§ **DATA EXCERPT**:
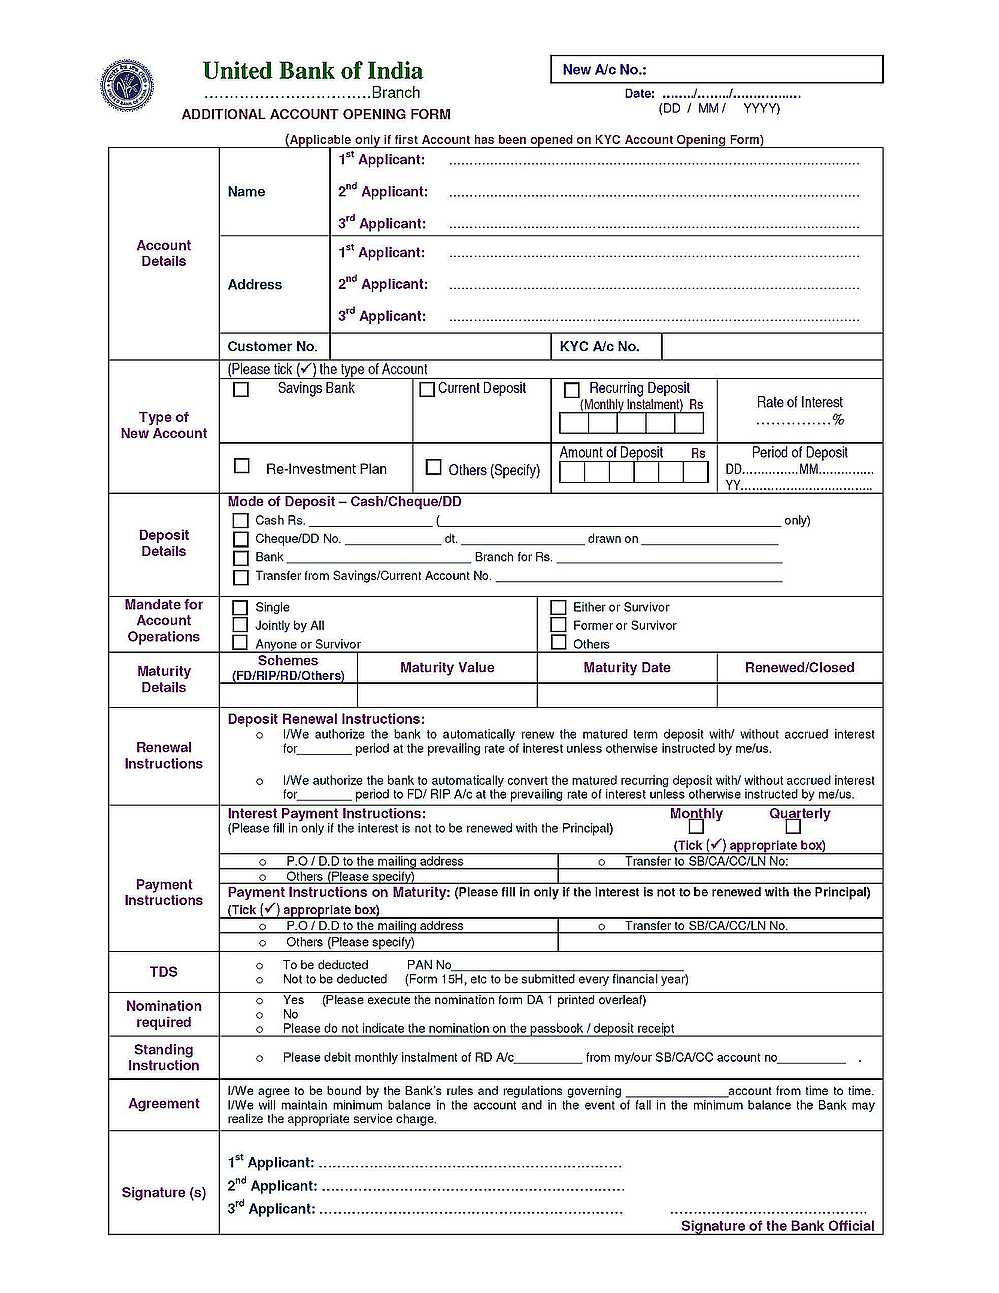 United Bank Of India KYC Form Pdf 2022 2023 EduVark
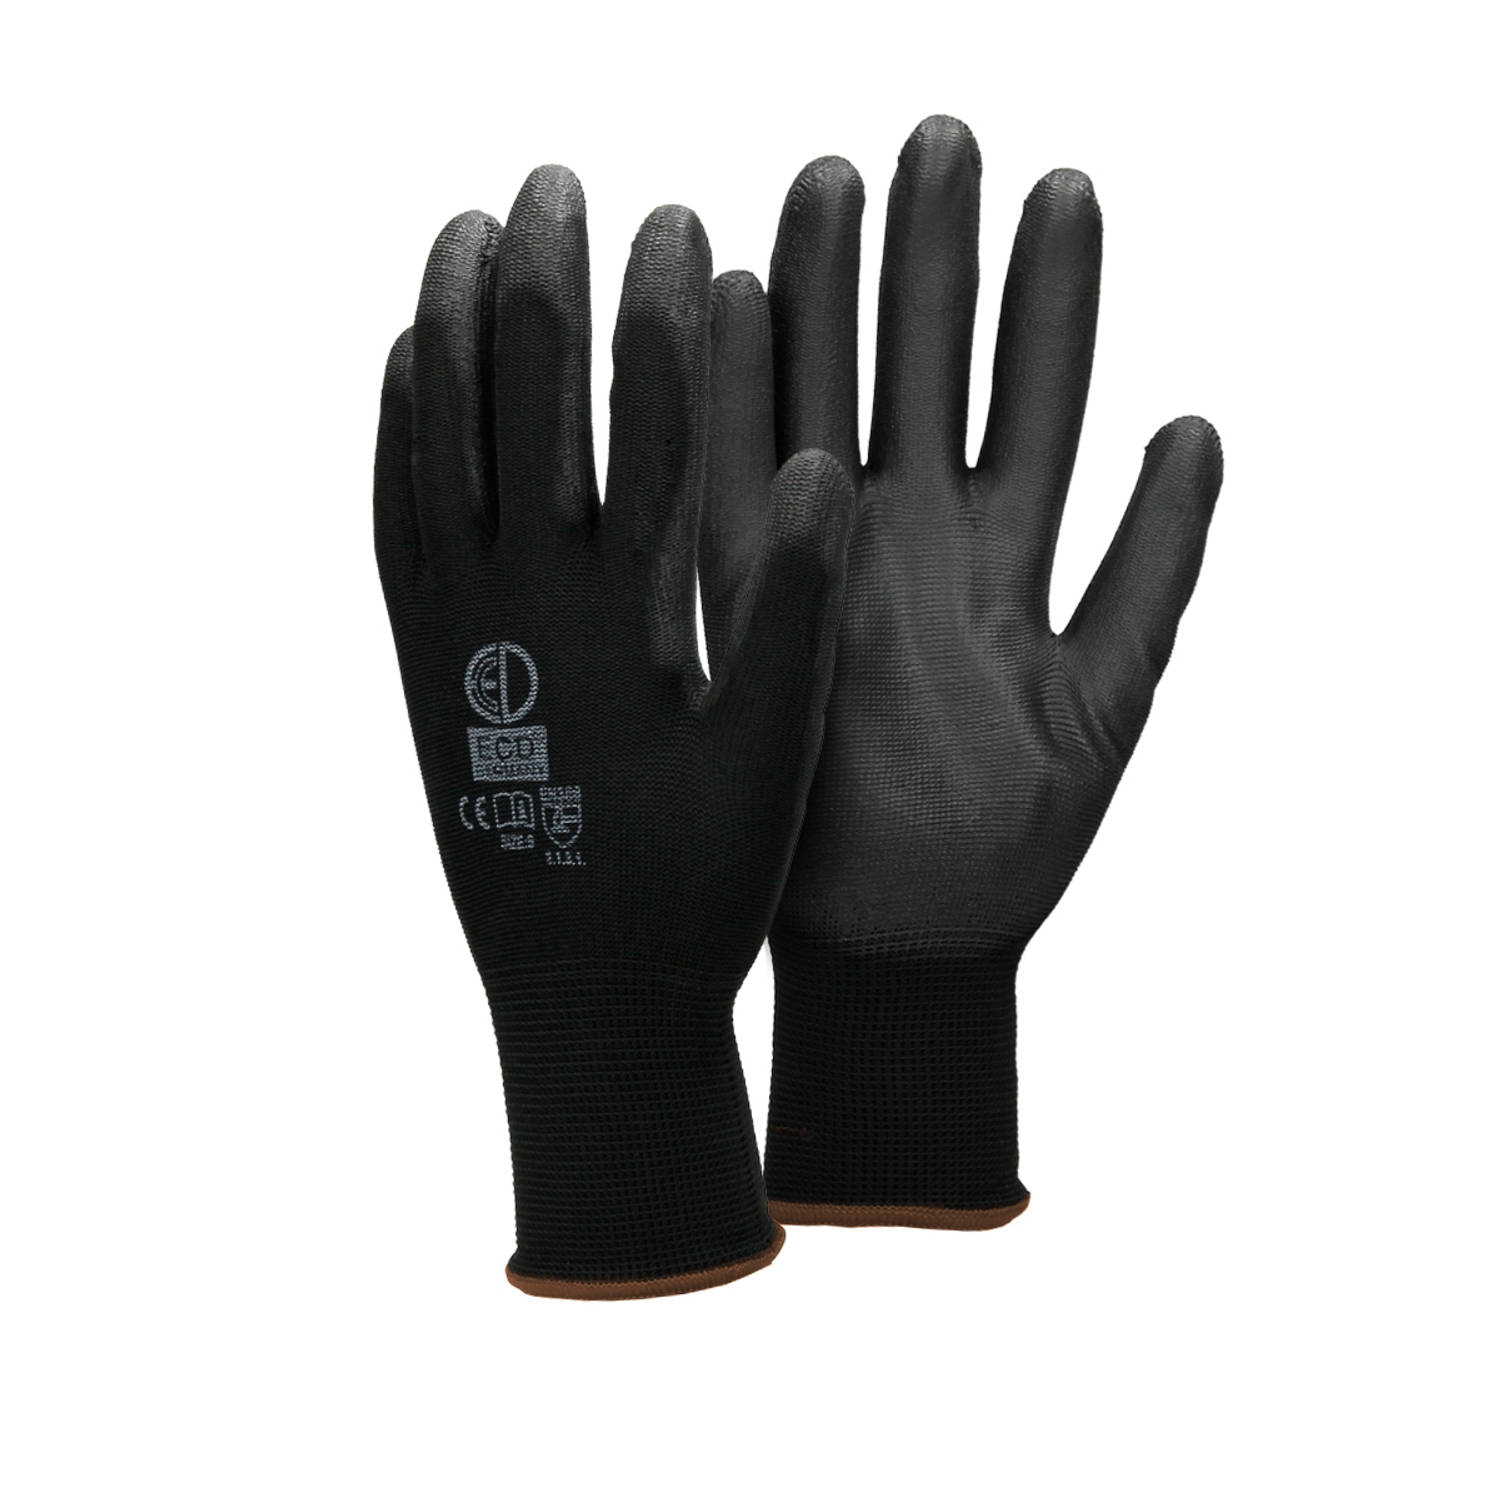 ECD Germany 36 paar werkhandschoenen met PU coating - maat 9-L - zwart - monteurshandschoenen montagehandschoenen beschermende handschoenen tuinhandschoenen - diverse kleuren & mat
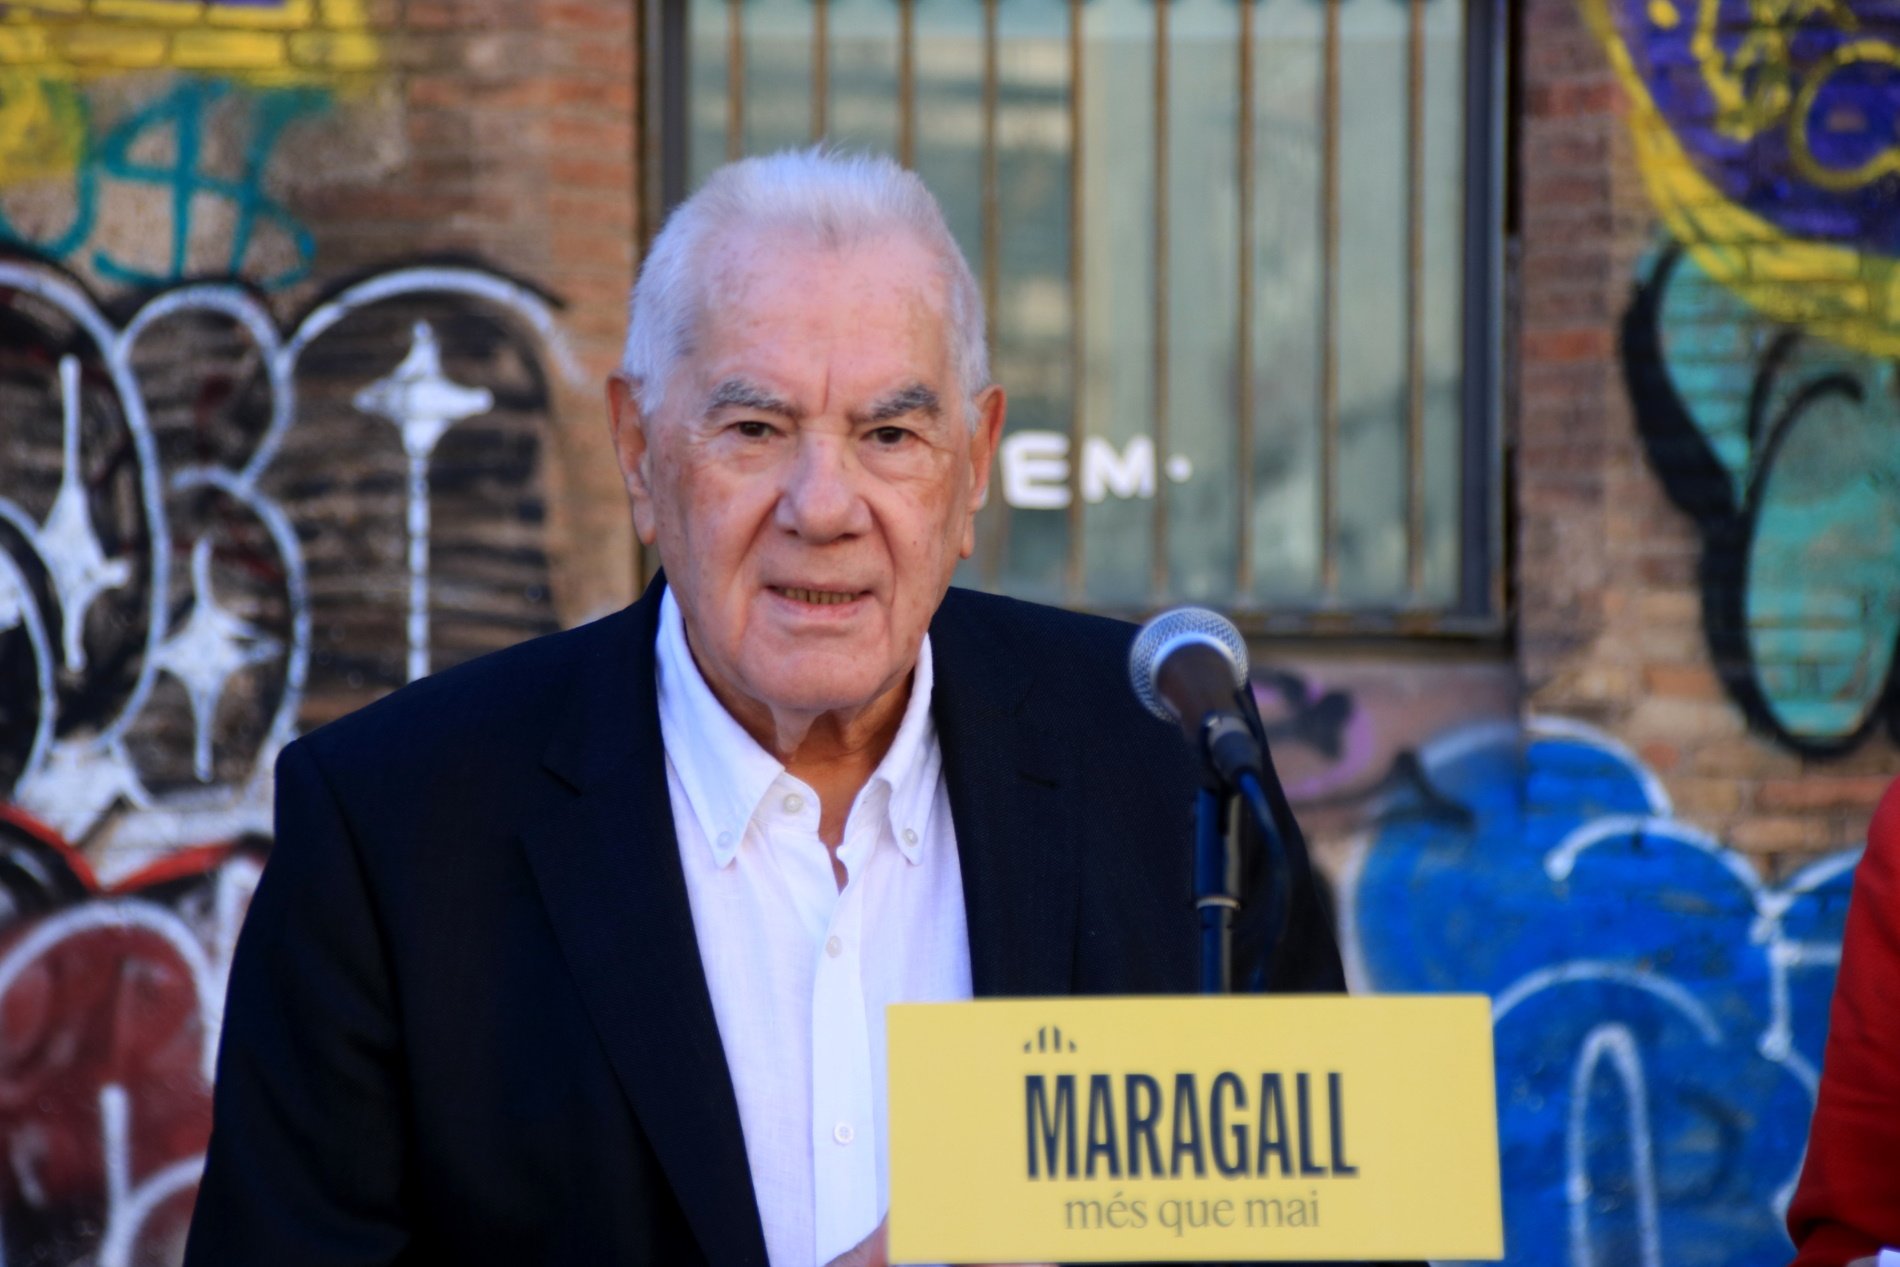 Maragall promete un equipo de 100 trabajadores para limpiar los puntos más degradados de Barcelona en 100 días

§ **ABOUT THIS EXERCISE**: Copy out the material above exactly; the images stay out.

§ **SOLVED EXERCISE**:
 United Bank Of India KYC Form Pdf 2022 2023 EduVark
 ECD Germany 36 paar werkhandschoenen met PU coating - maat 9-L - zwart - monteurshandschoenen montagehandschoenen beschermende handschoenen tuinhandschoenen - diverse kleuren & mat
 Maragall promete un equipo de 100 trabajadores para limpiar los puntos más degradados de Barcelona en 100 días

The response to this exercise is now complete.